- TASK INSTRUCTIONS -
Leaving the pictures aside, restate all of the data exactly.

- PROVIDED DATA -

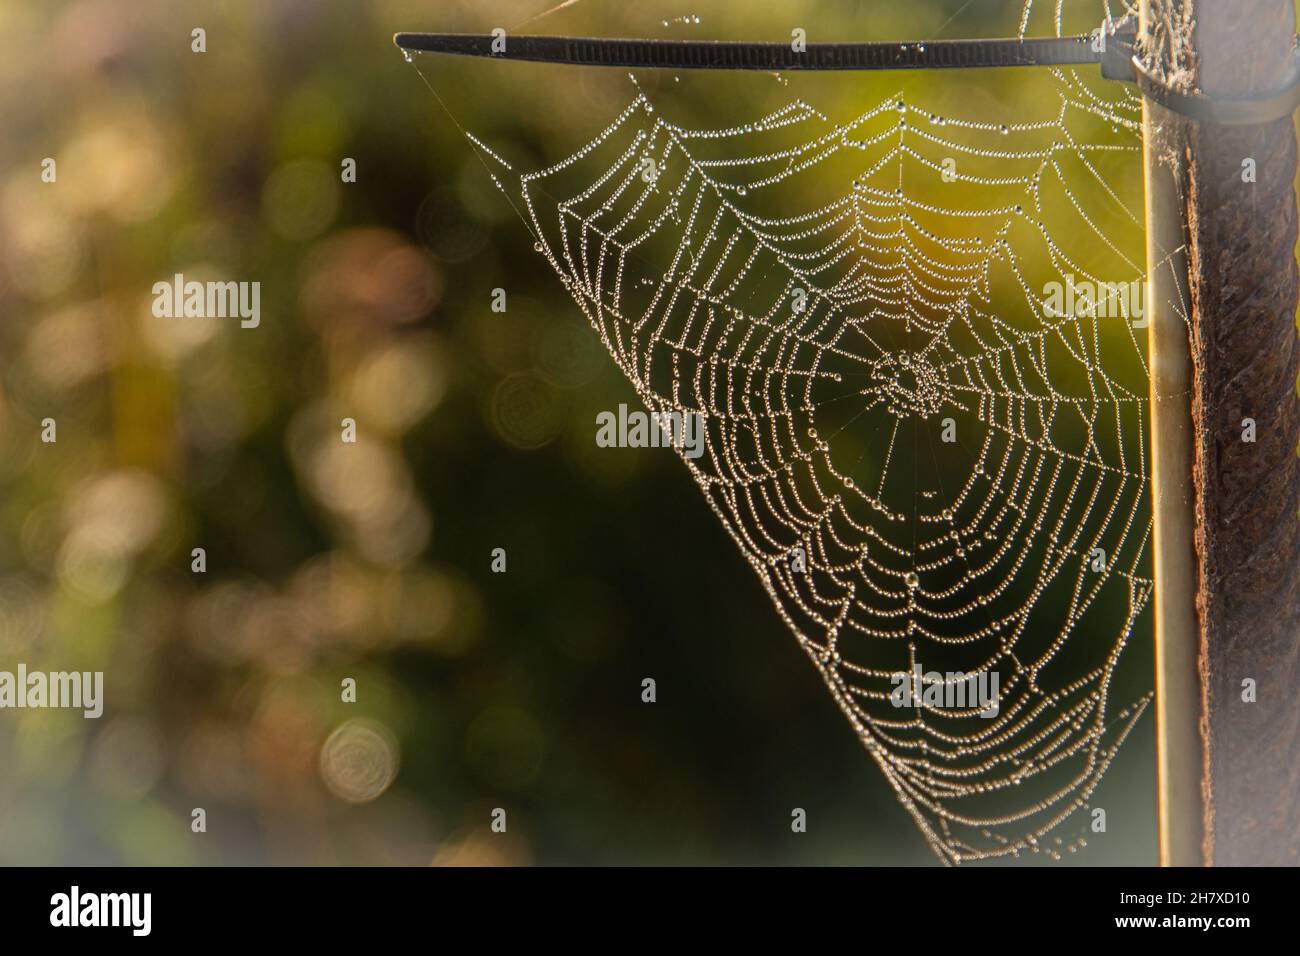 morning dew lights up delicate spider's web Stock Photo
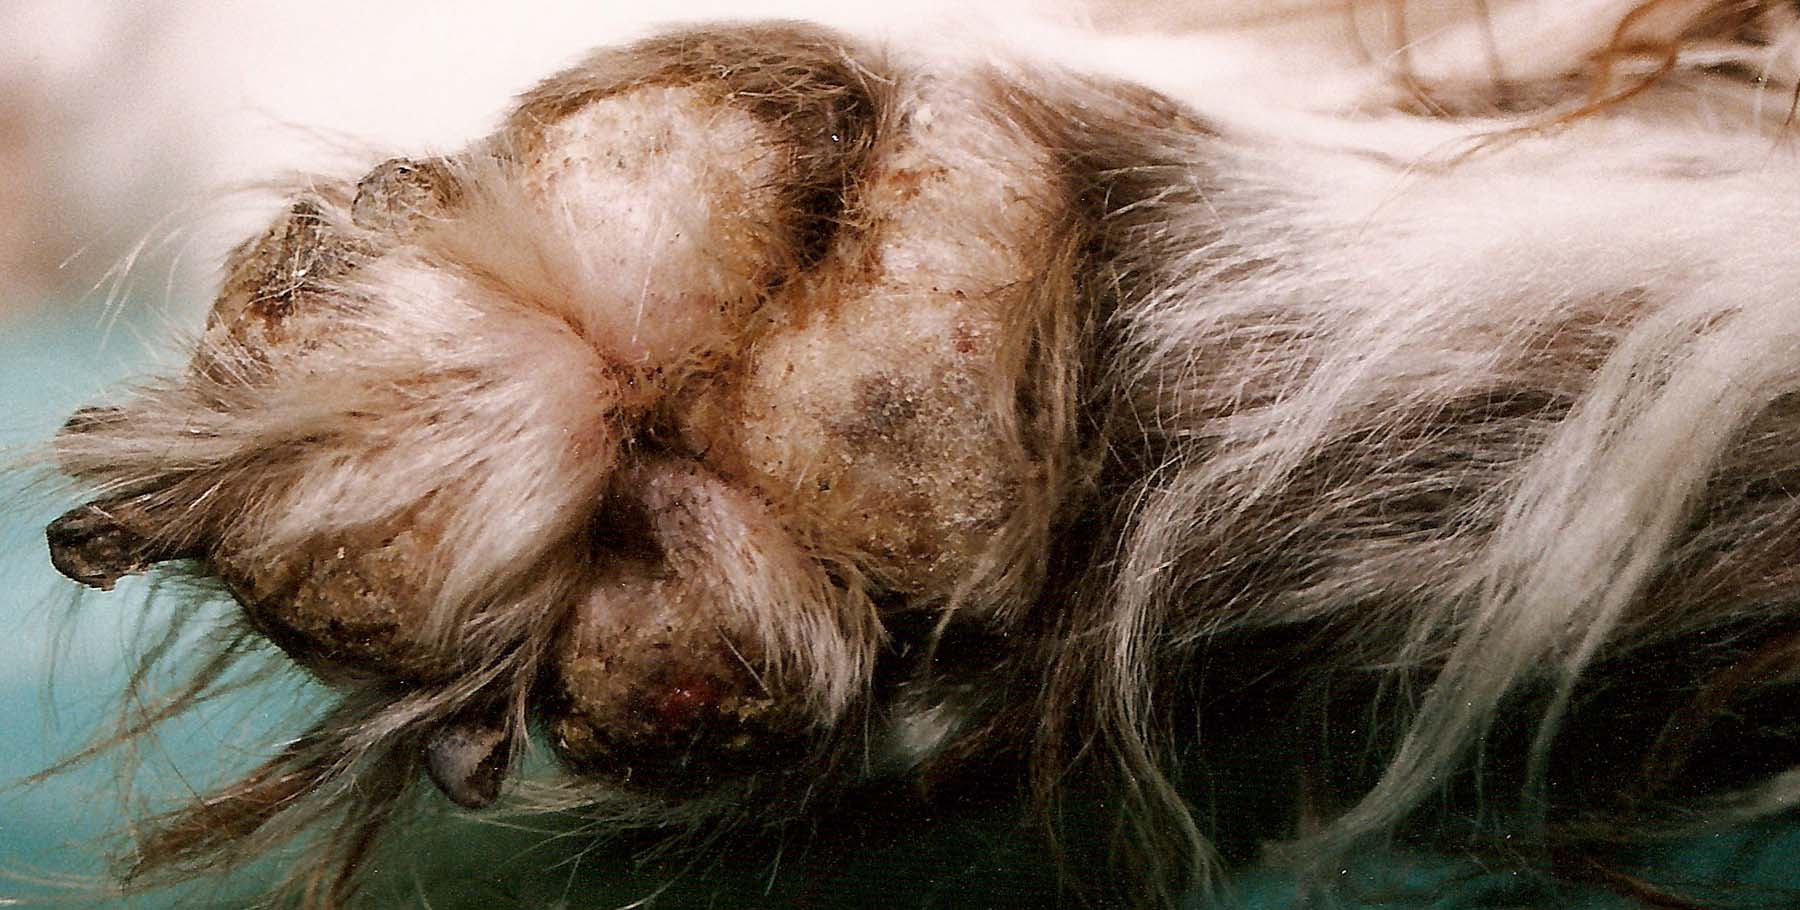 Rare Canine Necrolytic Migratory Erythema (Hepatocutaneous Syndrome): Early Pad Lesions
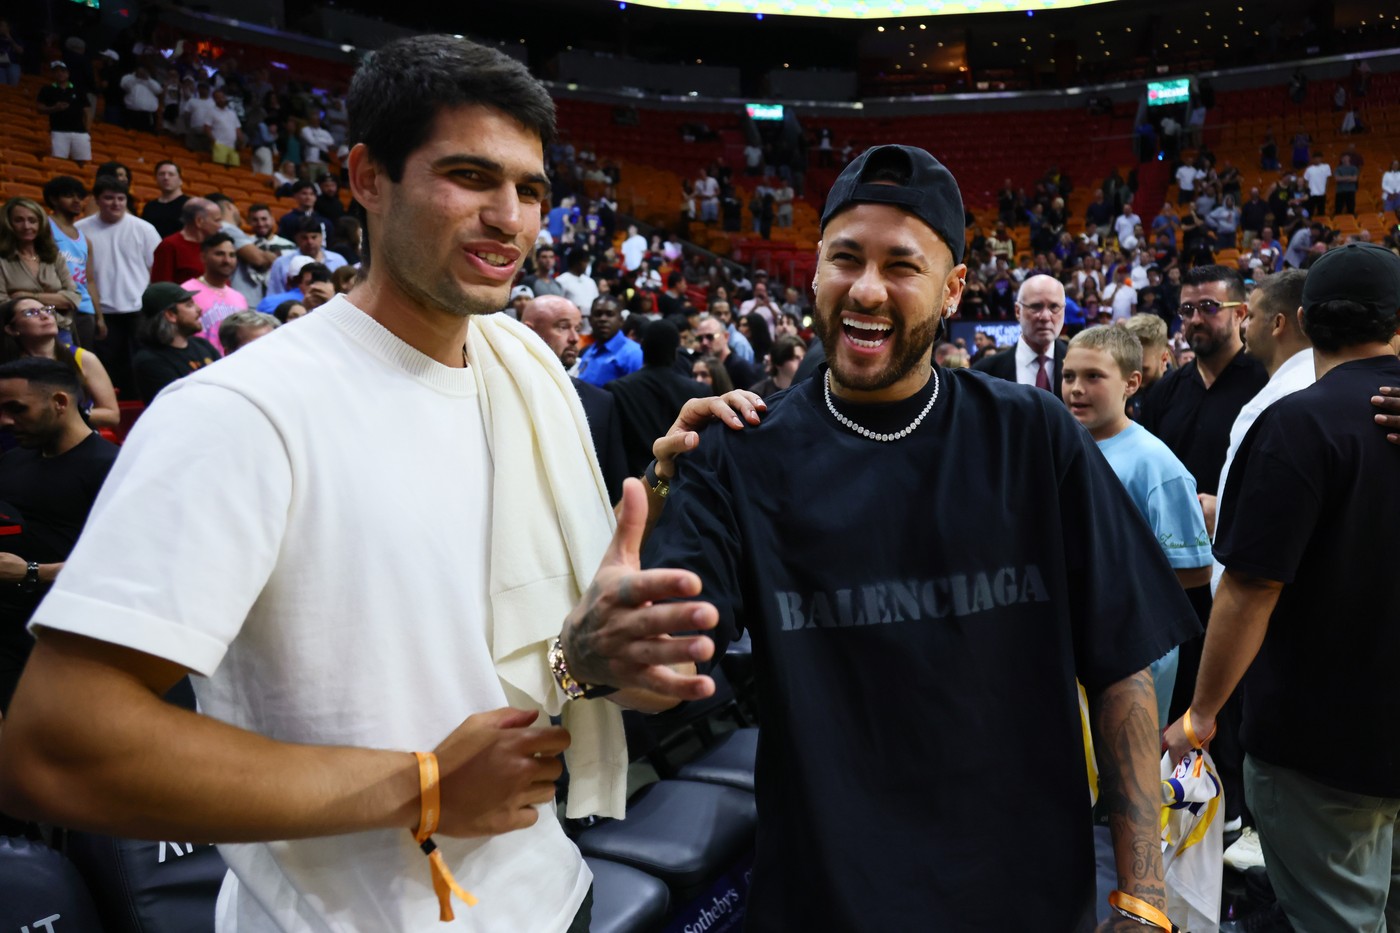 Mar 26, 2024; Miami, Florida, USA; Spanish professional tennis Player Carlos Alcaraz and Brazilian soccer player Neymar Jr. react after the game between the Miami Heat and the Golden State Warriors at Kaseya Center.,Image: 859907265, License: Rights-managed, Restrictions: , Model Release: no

- RESULT FOR THIS EXERCISE -
 morning dew lights up delicate spider's web Stock Photo
 Rare Canine Necrolytic Migratory Erythema (Hepatocutaneous Syndrome): Early Pad Lesions
 Mar 26, 2024; Miami, Florida, USA; Spanish professional tennis Player Carlos Alcaraz and Brazilian soccer player Neymar Jr. react after the game between the Miami Heat and the Golden State Warriors at Kaseya Center.,Image: 859907265, License: Rights-managed, Restrictions: , Model Release: no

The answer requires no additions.